- Prompt
Please output the line containing "三菱鉛筆 クルトガ スタンダード 0.5mm【名入れボールペン / パッド印刷】 画像4" and all lines that follow it in the data below, exactly, with no pictures.

- Available data
<<<<
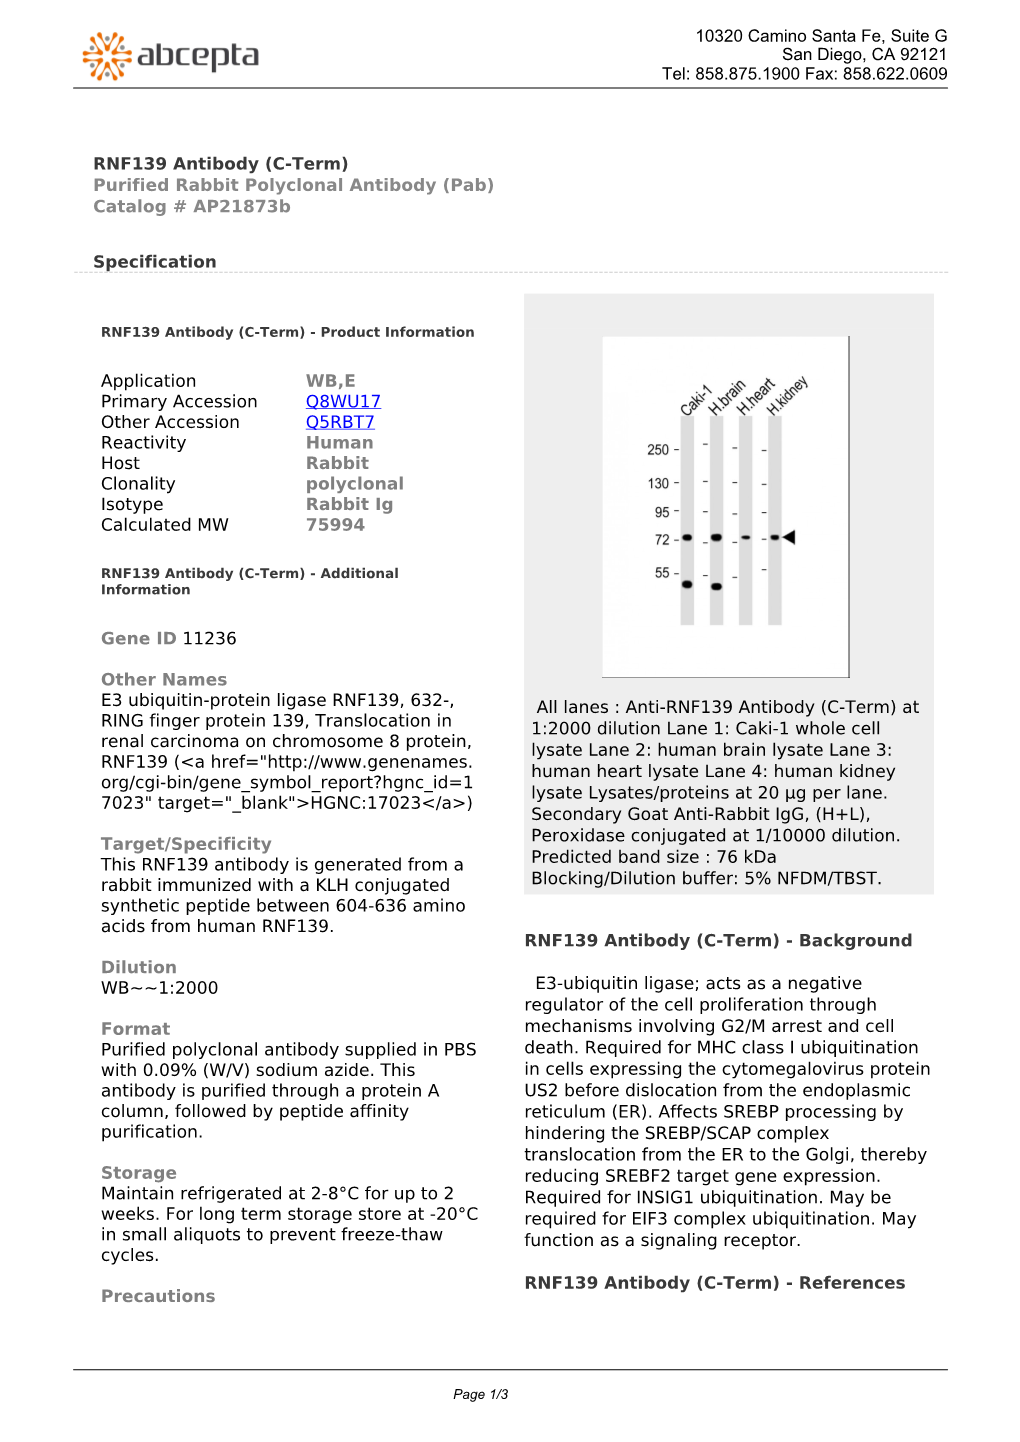 RNF139 Antibody (C-Term) Purified Rabbit Polyclonal Antibody (Pab) Catalog # Ap21873b
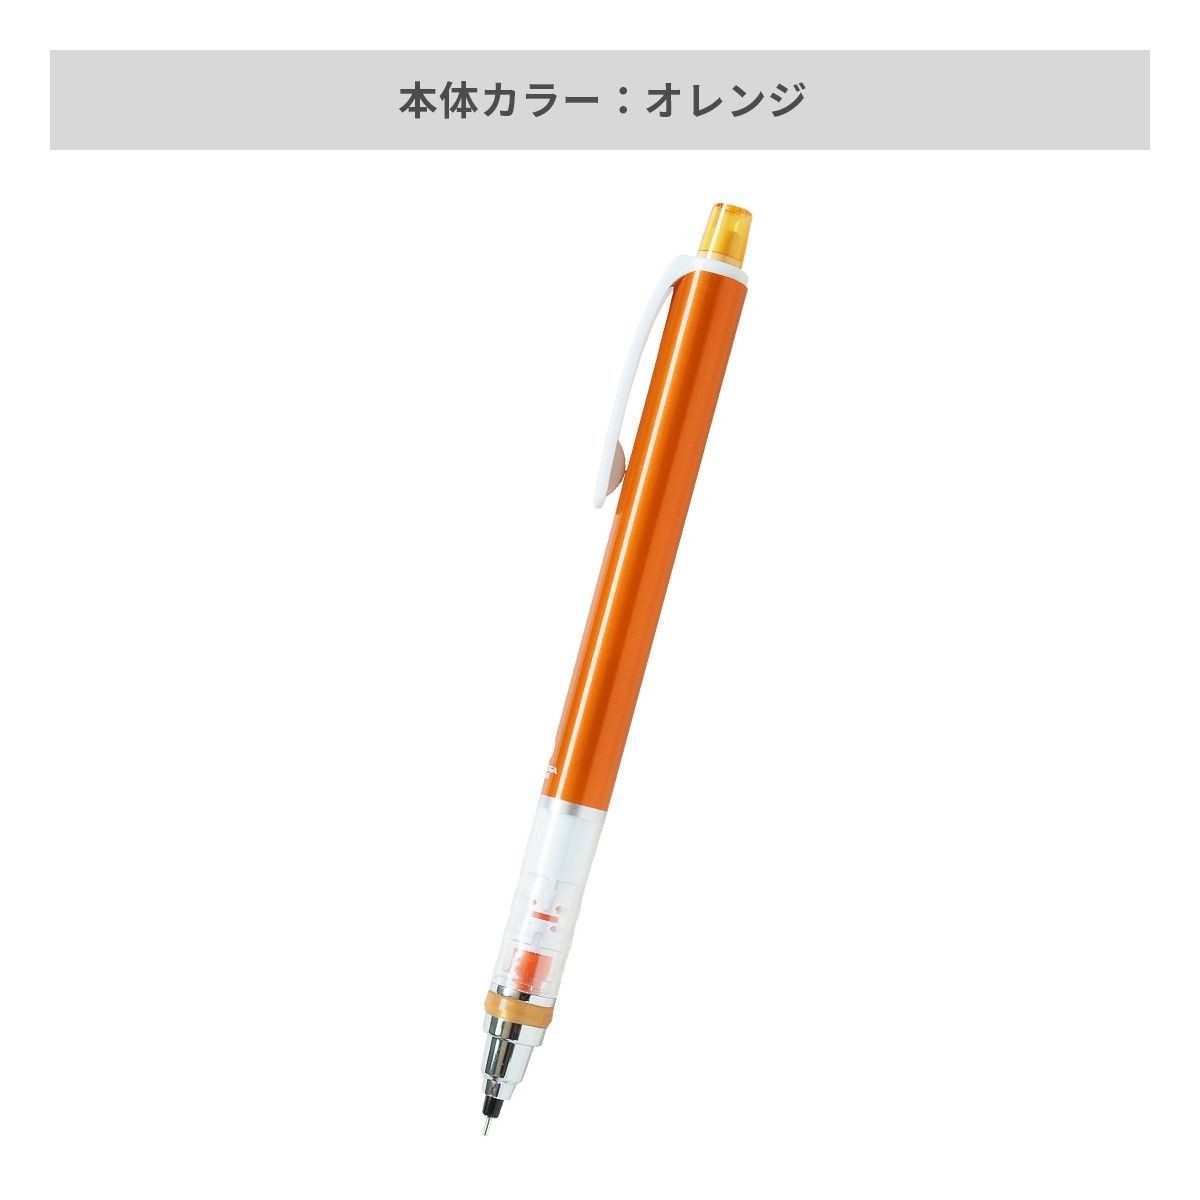 三菱鉛筆 クルトガ スタンダード 0.5mm【名入れボールペン / パッド印刷】 画像4
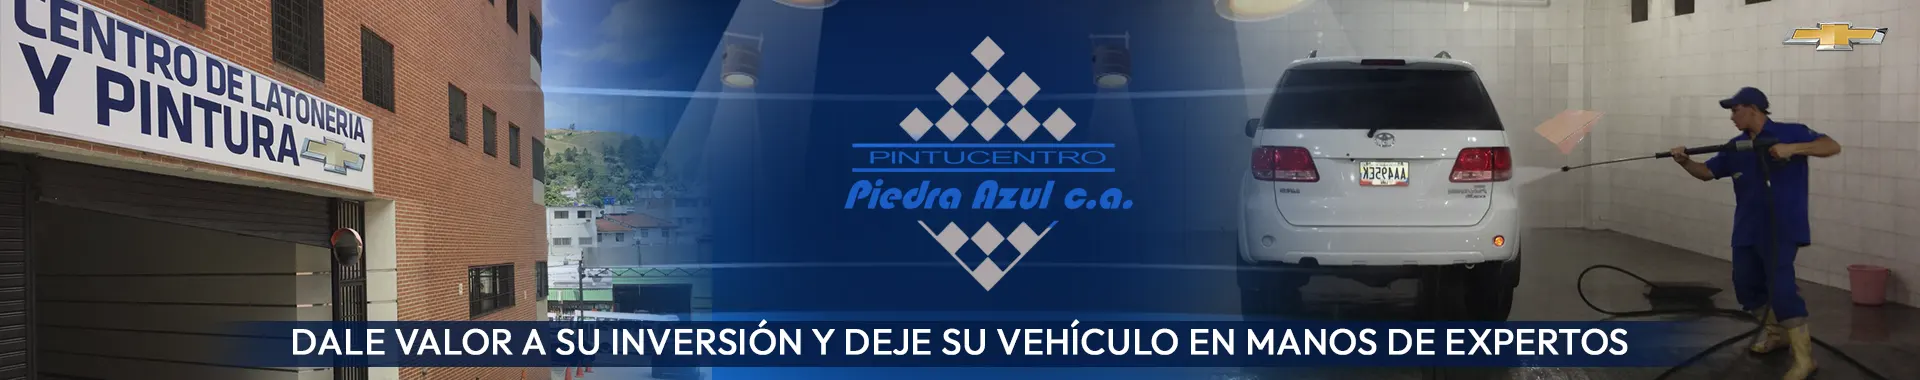 Imagen 2 del perfil de Pintucentro Piedra Azul
>>>>
- The completed task
 三菱鉛筆 クルトガ スタンダード 0.5mm【名入れボールペン / パッド印刷】 画像4
 Imagen 2 del perfil de Pintucentro Piedra Azul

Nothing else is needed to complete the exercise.